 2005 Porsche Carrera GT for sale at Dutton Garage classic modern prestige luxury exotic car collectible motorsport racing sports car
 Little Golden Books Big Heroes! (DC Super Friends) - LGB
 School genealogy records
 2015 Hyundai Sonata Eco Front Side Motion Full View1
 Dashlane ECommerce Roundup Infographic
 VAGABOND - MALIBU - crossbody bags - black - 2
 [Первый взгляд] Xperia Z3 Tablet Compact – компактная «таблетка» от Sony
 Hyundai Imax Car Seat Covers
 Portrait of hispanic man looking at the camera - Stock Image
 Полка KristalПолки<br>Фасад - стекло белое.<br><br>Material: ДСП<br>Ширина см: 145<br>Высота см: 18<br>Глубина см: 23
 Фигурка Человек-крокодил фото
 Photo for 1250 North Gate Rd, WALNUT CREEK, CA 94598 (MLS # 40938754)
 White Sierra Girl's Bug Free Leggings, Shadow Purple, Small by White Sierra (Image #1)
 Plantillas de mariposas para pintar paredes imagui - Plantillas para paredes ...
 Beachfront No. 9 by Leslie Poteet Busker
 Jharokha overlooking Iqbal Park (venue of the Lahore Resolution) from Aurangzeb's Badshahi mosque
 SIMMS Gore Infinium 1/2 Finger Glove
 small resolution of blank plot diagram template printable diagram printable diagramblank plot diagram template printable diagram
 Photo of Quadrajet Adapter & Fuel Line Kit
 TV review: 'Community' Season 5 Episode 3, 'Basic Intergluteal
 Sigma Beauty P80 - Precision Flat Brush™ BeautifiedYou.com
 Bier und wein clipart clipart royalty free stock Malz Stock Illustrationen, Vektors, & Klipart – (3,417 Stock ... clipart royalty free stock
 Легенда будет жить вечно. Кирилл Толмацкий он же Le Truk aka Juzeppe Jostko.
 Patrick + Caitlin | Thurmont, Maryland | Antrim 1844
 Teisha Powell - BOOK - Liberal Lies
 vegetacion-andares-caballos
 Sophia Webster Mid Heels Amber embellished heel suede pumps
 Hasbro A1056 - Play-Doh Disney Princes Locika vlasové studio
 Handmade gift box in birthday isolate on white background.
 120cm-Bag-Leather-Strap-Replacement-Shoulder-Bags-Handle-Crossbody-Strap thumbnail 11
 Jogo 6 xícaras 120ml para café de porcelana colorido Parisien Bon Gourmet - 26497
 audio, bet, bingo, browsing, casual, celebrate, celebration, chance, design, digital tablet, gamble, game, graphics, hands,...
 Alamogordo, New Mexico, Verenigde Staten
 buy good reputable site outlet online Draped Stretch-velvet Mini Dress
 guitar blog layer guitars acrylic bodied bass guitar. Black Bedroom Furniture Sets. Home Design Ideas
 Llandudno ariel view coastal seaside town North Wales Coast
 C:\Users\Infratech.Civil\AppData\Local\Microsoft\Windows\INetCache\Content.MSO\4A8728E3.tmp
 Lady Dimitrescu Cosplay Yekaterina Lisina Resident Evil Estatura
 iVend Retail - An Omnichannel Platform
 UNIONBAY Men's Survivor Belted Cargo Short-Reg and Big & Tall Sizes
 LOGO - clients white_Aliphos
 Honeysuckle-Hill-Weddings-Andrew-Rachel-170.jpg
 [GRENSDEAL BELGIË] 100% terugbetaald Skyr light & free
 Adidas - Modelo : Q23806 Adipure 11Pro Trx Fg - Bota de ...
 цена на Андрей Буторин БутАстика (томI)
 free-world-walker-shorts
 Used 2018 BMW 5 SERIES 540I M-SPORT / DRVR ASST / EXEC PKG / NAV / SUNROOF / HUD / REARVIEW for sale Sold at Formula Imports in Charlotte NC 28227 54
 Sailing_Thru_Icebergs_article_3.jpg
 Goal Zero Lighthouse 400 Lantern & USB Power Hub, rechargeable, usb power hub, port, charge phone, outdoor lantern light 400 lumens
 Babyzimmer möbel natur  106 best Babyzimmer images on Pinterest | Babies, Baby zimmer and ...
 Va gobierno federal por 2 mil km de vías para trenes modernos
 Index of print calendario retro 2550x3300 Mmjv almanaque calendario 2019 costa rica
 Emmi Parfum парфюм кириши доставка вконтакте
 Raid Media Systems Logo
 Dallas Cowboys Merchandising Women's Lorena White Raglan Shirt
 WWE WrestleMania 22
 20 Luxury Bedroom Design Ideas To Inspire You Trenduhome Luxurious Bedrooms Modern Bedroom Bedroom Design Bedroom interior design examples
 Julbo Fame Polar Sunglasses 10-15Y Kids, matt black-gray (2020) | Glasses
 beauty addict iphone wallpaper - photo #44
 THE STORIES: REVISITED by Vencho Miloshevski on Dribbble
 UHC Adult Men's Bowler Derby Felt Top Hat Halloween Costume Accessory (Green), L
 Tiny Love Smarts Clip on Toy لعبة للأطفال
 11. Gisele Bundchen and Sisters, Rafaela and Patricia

▬▬▬▬▬▬

Assigned task »
Tally the lines in the records that contain the word "para"; the answer is that number and nothing more.

Solved problem »
3